▶ Exercise directions:
Copy out the data in full and exactly, passing over the pictures.

▶ Information shown:
-=-=-=-=-
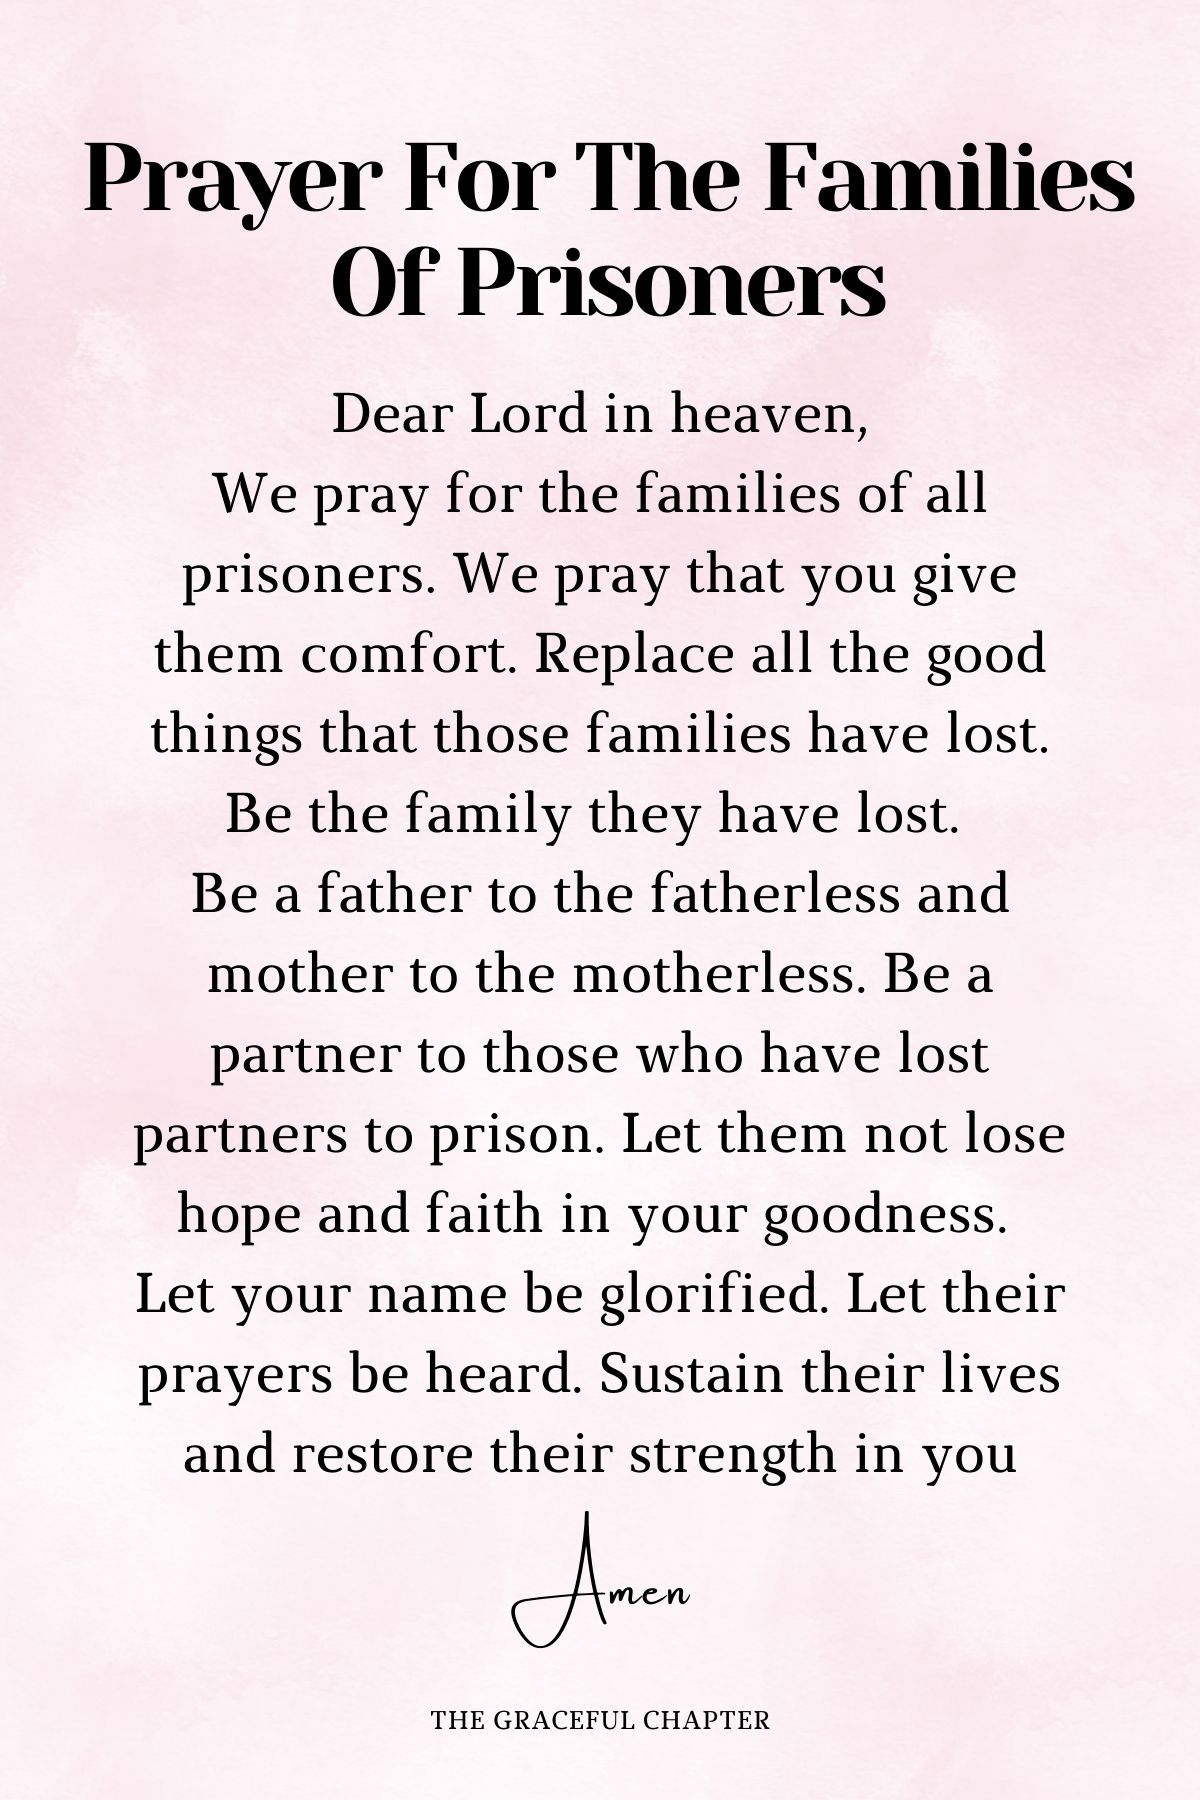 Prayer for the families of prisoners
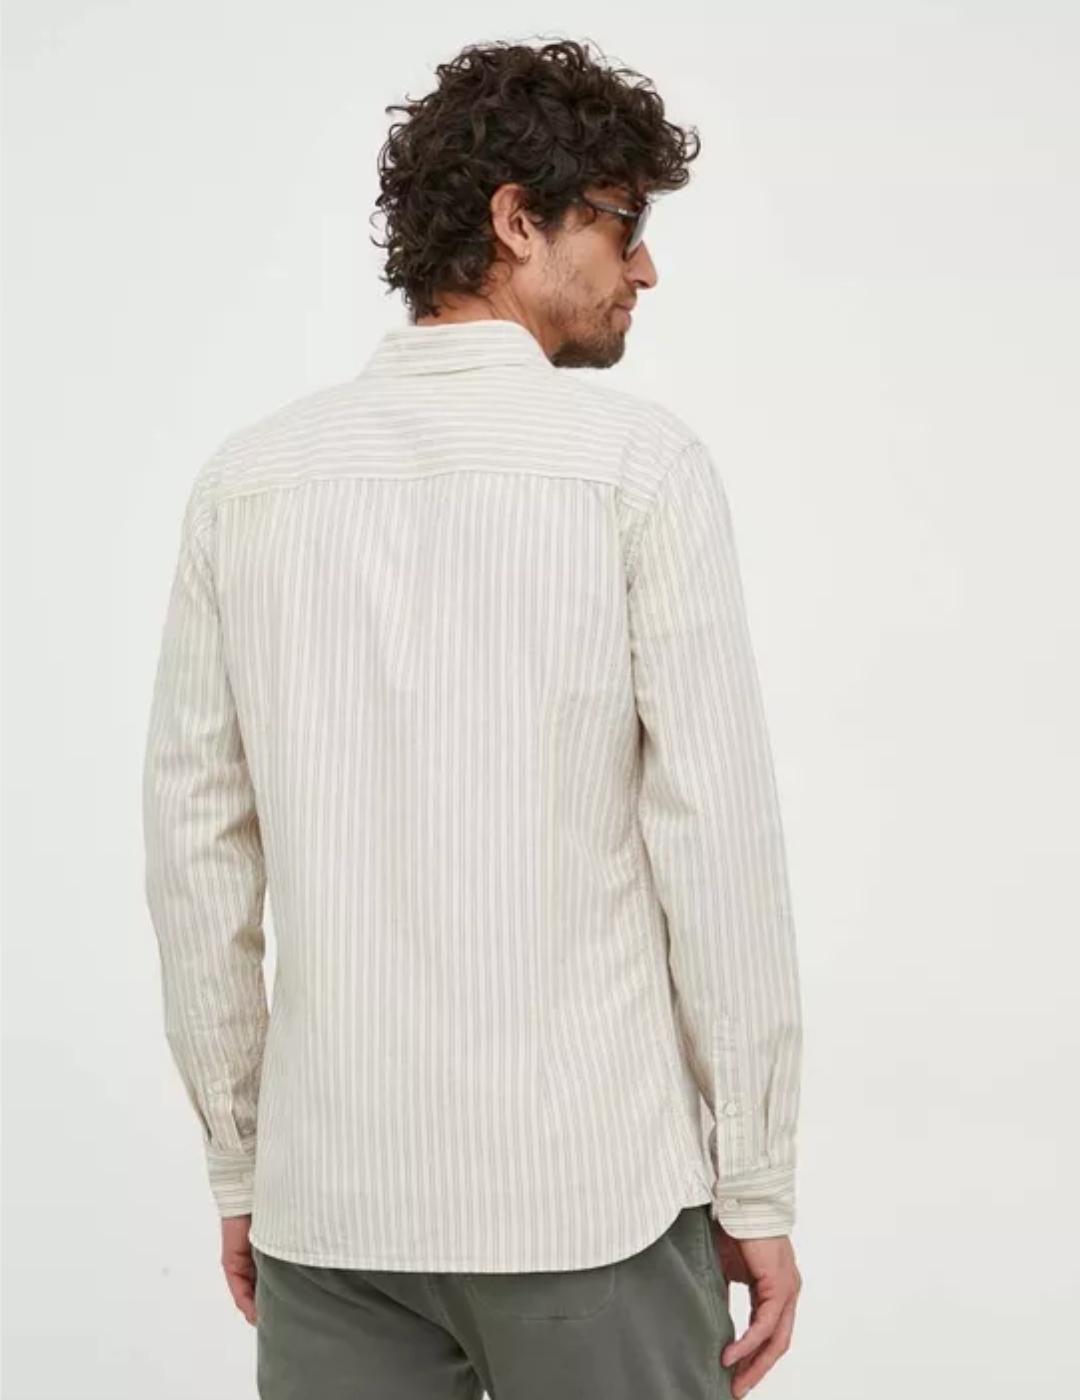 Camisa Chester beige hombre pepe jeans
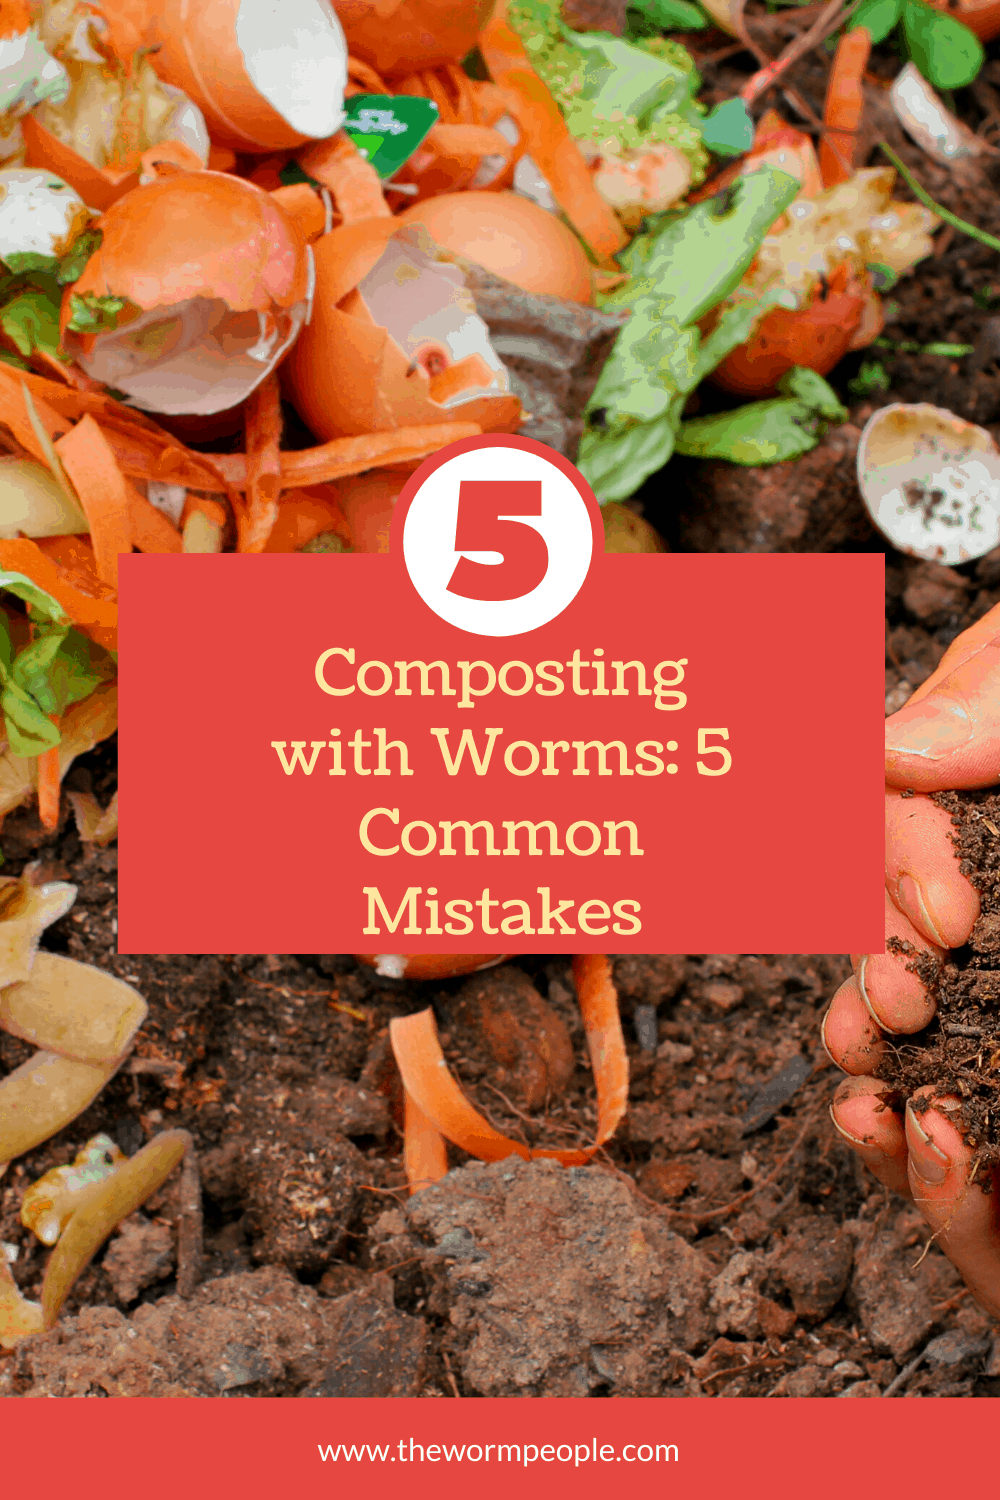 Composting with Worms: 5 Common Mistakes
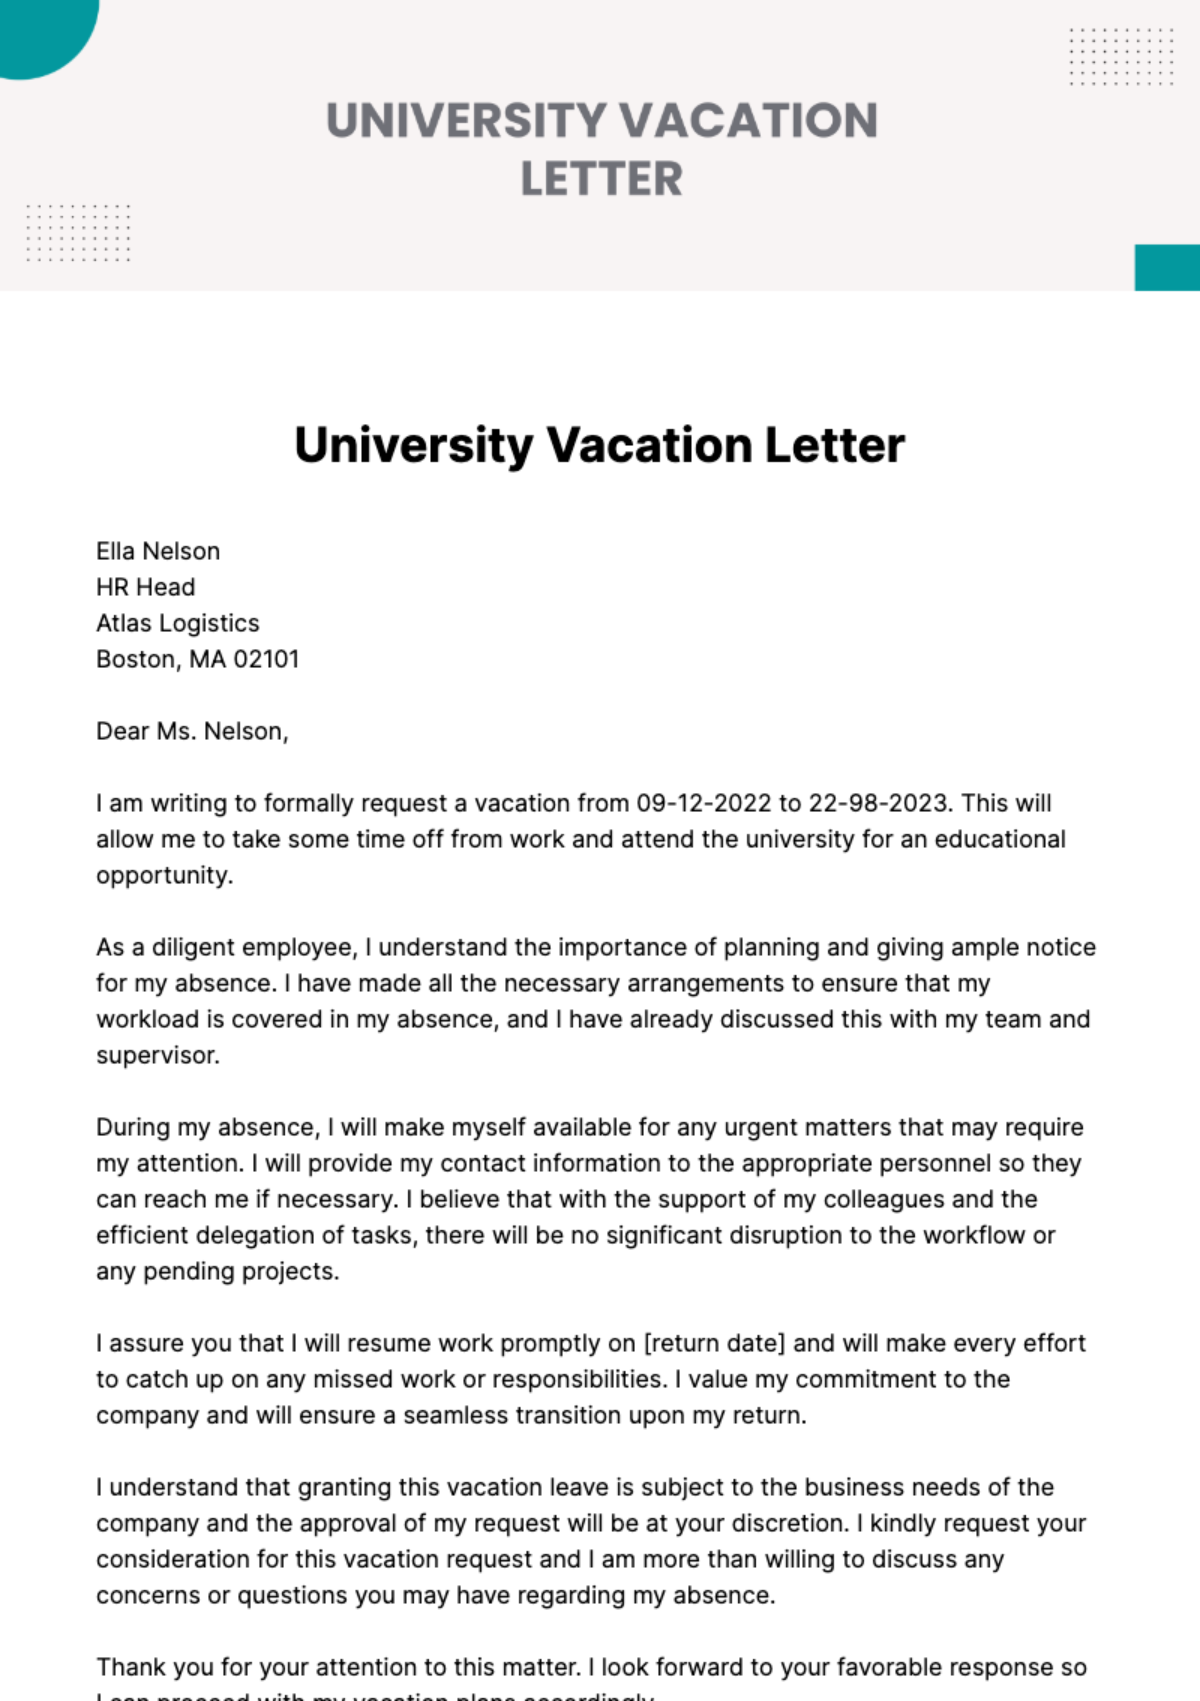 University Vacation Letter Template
-=-=-=-=-
▶ Exercise answer:
 Prayer for the families of prisoners
 Camisa Chester beige hombre pepe jeans
 Composting with Worms: 5 Common Mistakes
 University Vacation Letter Template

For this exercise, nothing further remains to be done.